In a result that carries no big surprises, the two most high-profile candidates for governor, incumbent Gov. Kevin Stitt and Superintendent of Public Education Joy Hofmeister, have won their respective primary campaigns and will face each other in the November general election.
Stitt defeated three challengers in today’s Republican primary: Joel Kintsel, the executive director of the Oklahoma Department of Veterans Affairs; Mark Sherwood, an alternative-medicine practitioner and former professional bodybuilder; and Moira McCabe, who came to politics via TikTok.
Hofmeister, who changed her party affiliation from Republican to Democrat just before the election deadline, faced former state senator and longtime progressive activist Connie Johnson in the Democratic primary.
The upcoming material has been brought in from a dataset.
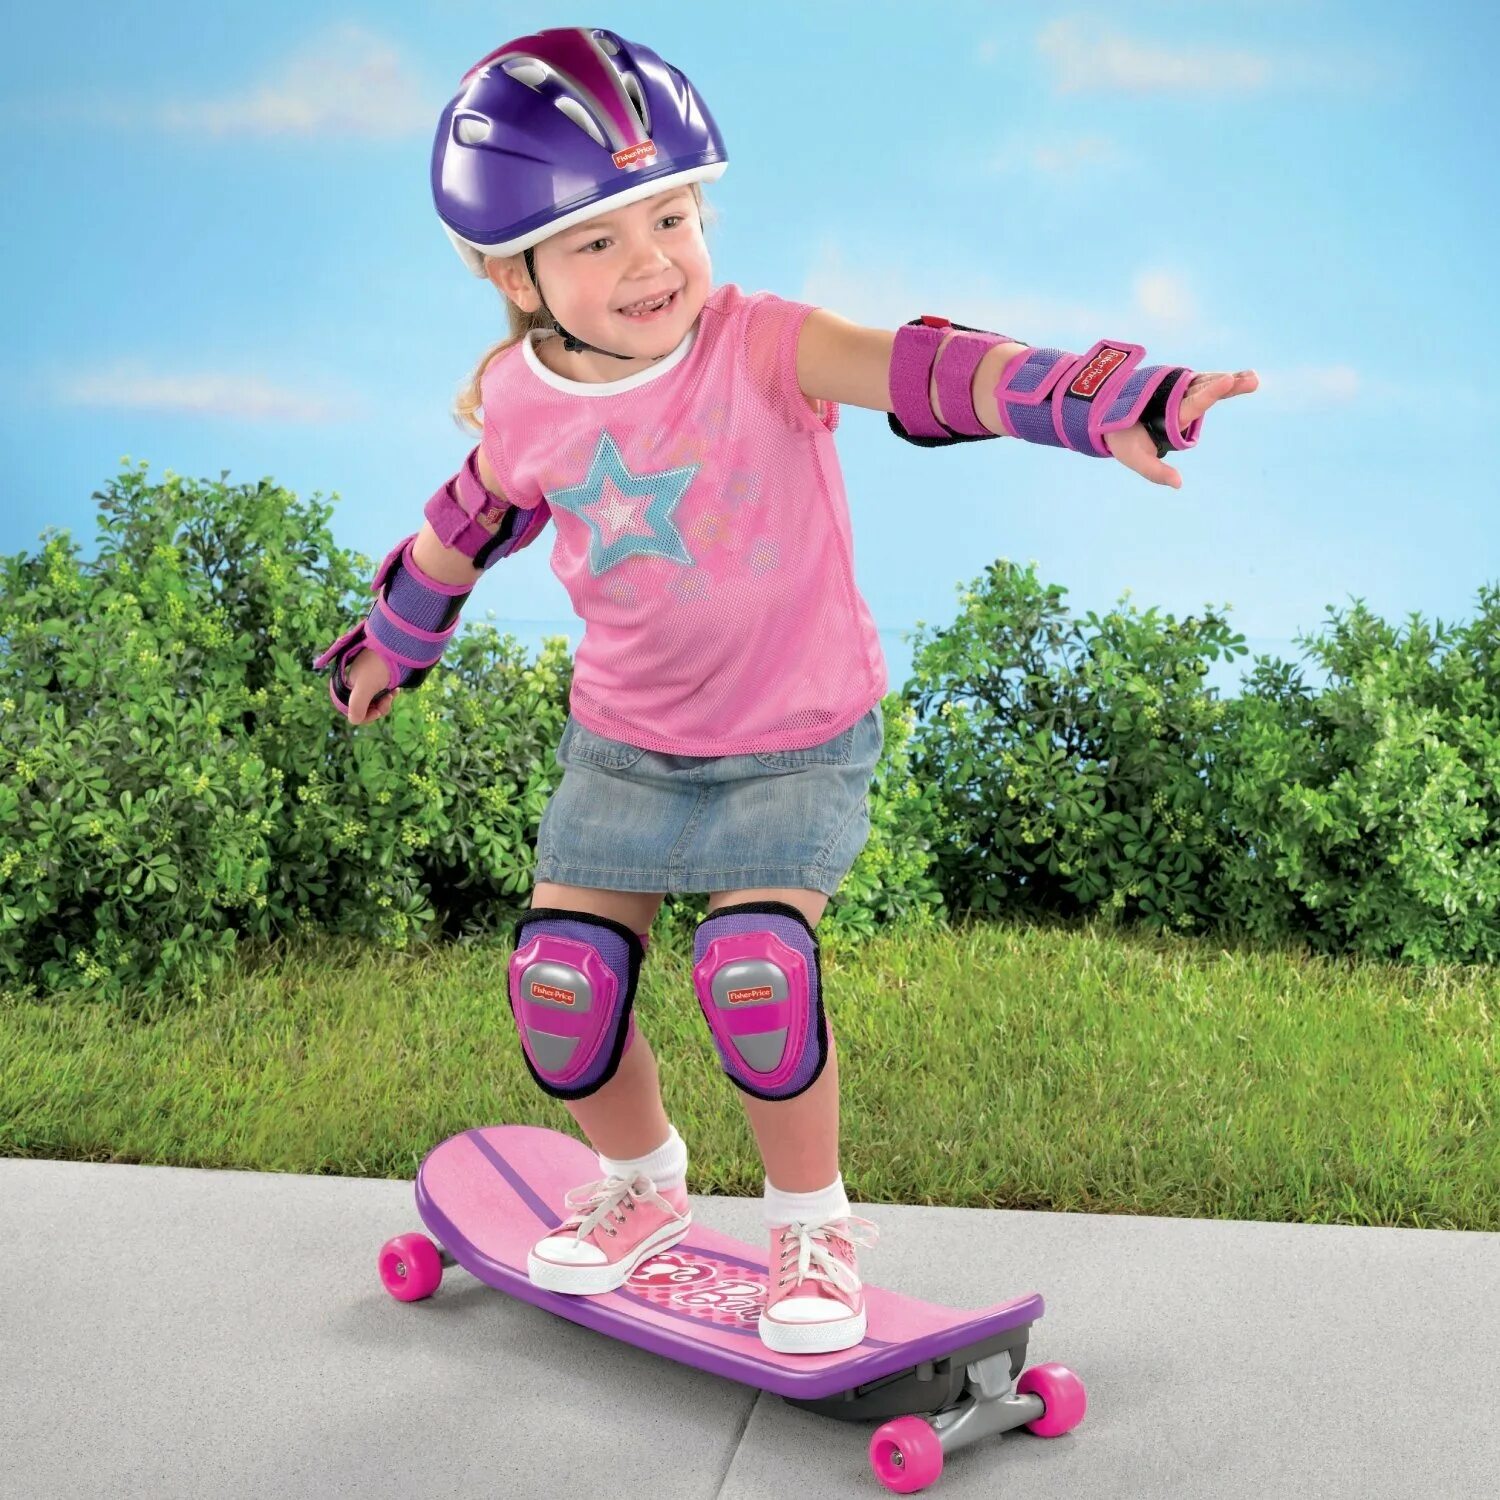 Скейт для малышей. Ролики детские ролики. Ребенок на скейте. Дети катаются на скейтборде.

With more than 65 percent of precincts reporting, Stitt had more than 68 percent of the GOP vote. Hofmeister had more than 60 percent of the Democratic vote.
Hofmeister has made unseating Stitt a primary focus of her campaign, while Stitt is hoping Oklahomans will look at what he has done for the past four years and decide they want more of the same.
Former Sen. Ervin Yen, who is running as an independent, and Libertarian candidate Natalie Bruno will also be on the ballot in November.
All results posted by the Oklahoma State Election Board online are unofficial until they are certified by the board.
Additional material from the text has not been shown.